"Vanilla" image classification tasks typically don't require specialized models, as the default Hugging Face models tend to deliver satisfactory results.
A new study has shown that fine-tuned neural networks initiated with transfer learning generally outperform scikit-learn models trained on extracted neural network features in complex, domain-specific tasks. This is mainly due to the adaptability of fine-tuning, which allows for more powerful feature representations aligned with the task.
The research, which focuses on earth observation, computer vision, and machine learning, utilises a dataset from the 2013/2014 Chesapeake Conservancy land cover project. The dataset consists of 15,809 unique patches of size 128 x 128 pixels, composed of National Agriculture Imagery Program (NAIP) satellite imagery, and includes 4-bands of information at a 1 meter squared resolution. The dataset includes 5 land cover classes: Water, Tree Canopy and Shrubs, Low Vegetation, Barren, and Impervious Surfaces.
The dataset is somewhat significantly class imbalanced, with Tree Canopy and Shrubs being highly over-represented and Barren and Impervious Surfaces being highly under-represented. To address this issue, the researchers used Principal Component Analysis (PCA) as a non-learned feature for dimension reduction.
Learned features were extracted from two pre-trained models: Microsoft's Bidirectional Encoder Image Transformer (BEiT) and Facebook's ConvNext model. The models were then trained using scikit-learn models and transfer learned and fine-tuned neural networks were also trained for comparison.
Model evaluation was based on balanced accuracies, individual class accuracies, and confusion matrices on the held-out test set. The results showed that the fine-tuned BEiT model performed second best overall with a balanced accuracy of 82.9%, while the ConvNext model performed best overall with a balanced accuracy of 84.4%.
Interestingly, the study found that handcrafted features like Histogram of Gradients (HOGs) weren't as effective for supervised modeling purposes in this context, as they incurred a significant drop off in balanced accuracy relative to the models trained from learned features.
The research also highlights the limitations of the outputted models, including worsened classification performance on imagery of other class types, at other resolutions, and with other conditions. However, it also suggests that pre-trained embeddings paired with simpler models can perform nearly as well as fine-tuned neural networks.
The study references a famous blog post by Andrej Karpath on the shift from the old school engineering to the new school of deep learning, dubbed "software 2.0". This shift, which is still relevant today, emphasises the importance of pre-trained models and transfer learning in achieving superior performance on complex, domain-specific tasks.
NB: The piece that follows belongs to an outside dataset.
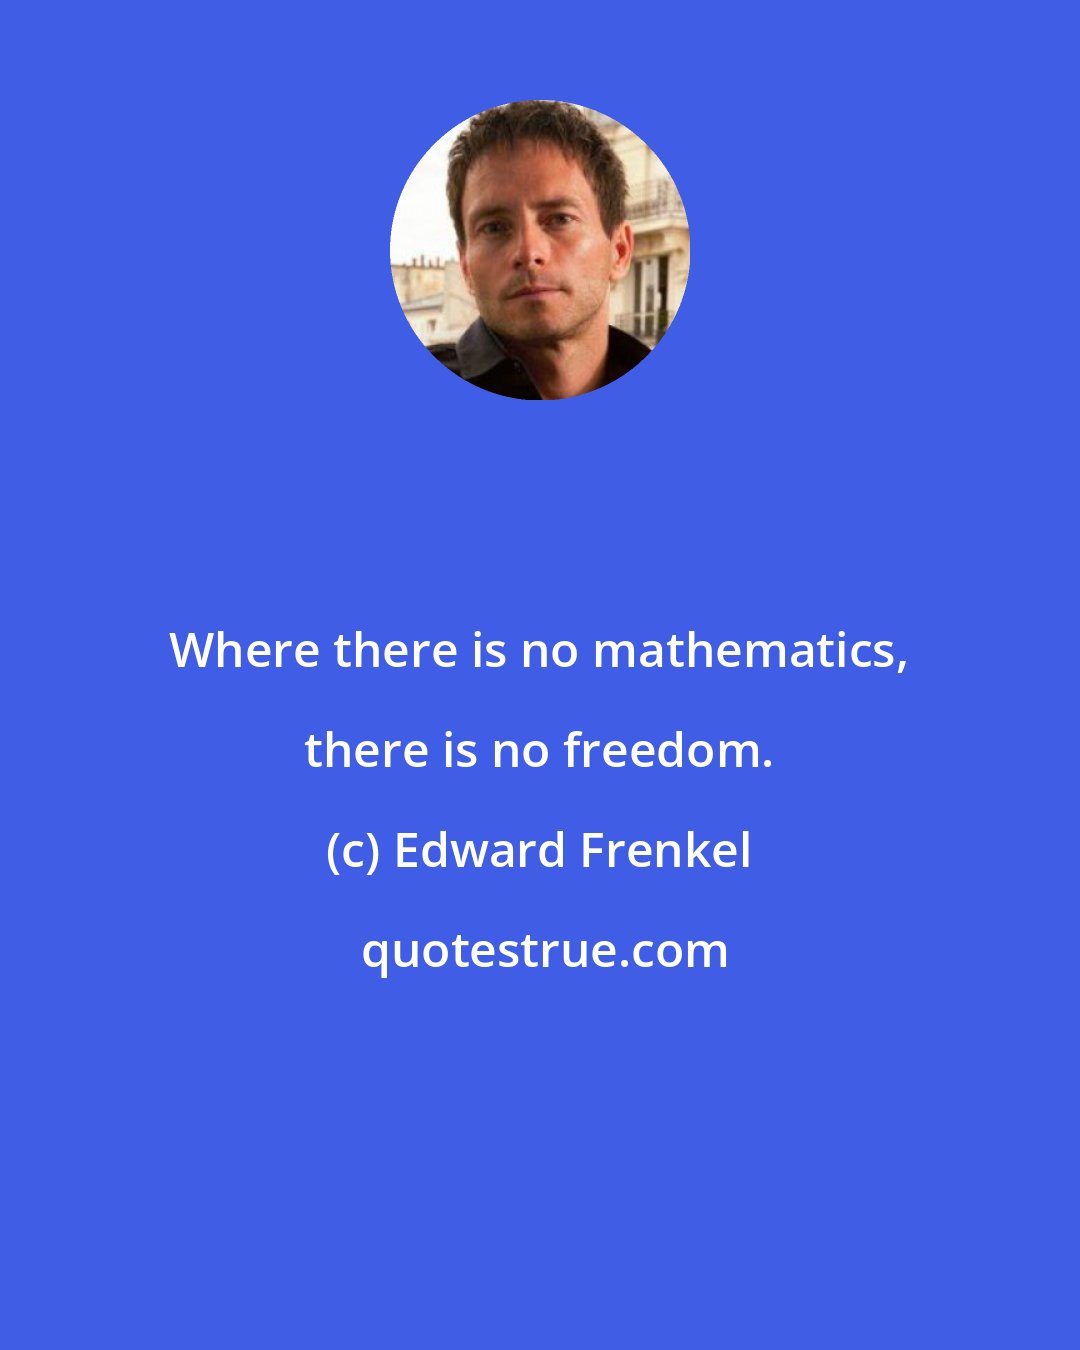 Edward Frenkel: Where there is no mathematics, there is no freedom.

The research also mentions that knowledge of the Python package universe is critical for the project. With thousands of pre-trained neural networks being released annually by companies like Microsoft, this knowledge will only become more essential in the future.
The findings of this study are significant for data scientists and those interested in earth observation, computer vision, and machine learning, as they demonstrate the power of fine-tuned neural networks initiated with transfer learning in complex, domain-specific tasks. Furthermore, the study also emphasises the importance of understanding and utilising pre-trained models and transfer learning in achieving superior performance.
On a side note, it's worth mentioning that Hugging Face is not only great for Natural Language Processing, but also amazing for Computer Vision. In fact, Hugging Face's Model Hub offers a wide range of pre-trained models that can be used for various computer vision tasks.
Lastly, it's interesting to note that Stable Diffusion, a neural network that can turn text prompts into images/art, has been downloaded by over 10 million users, demonstrating the growing interest and application of neural networks in various fields.
Technology, such as pre-trained models like Microsoft's Bidirectional Encoder Image Transformer (BEiT) and Facebook's ConvNext model, plays a crucial role in the performance of fine-tuned neural networks in complex, domain-specific tasks, as demonstrated by the study utilised in the research. The knowledge of the Python package universe, including the availability of thousands of pre-trained neural networks released annually by companies, is essential for such projects and will become increasingly important in the future.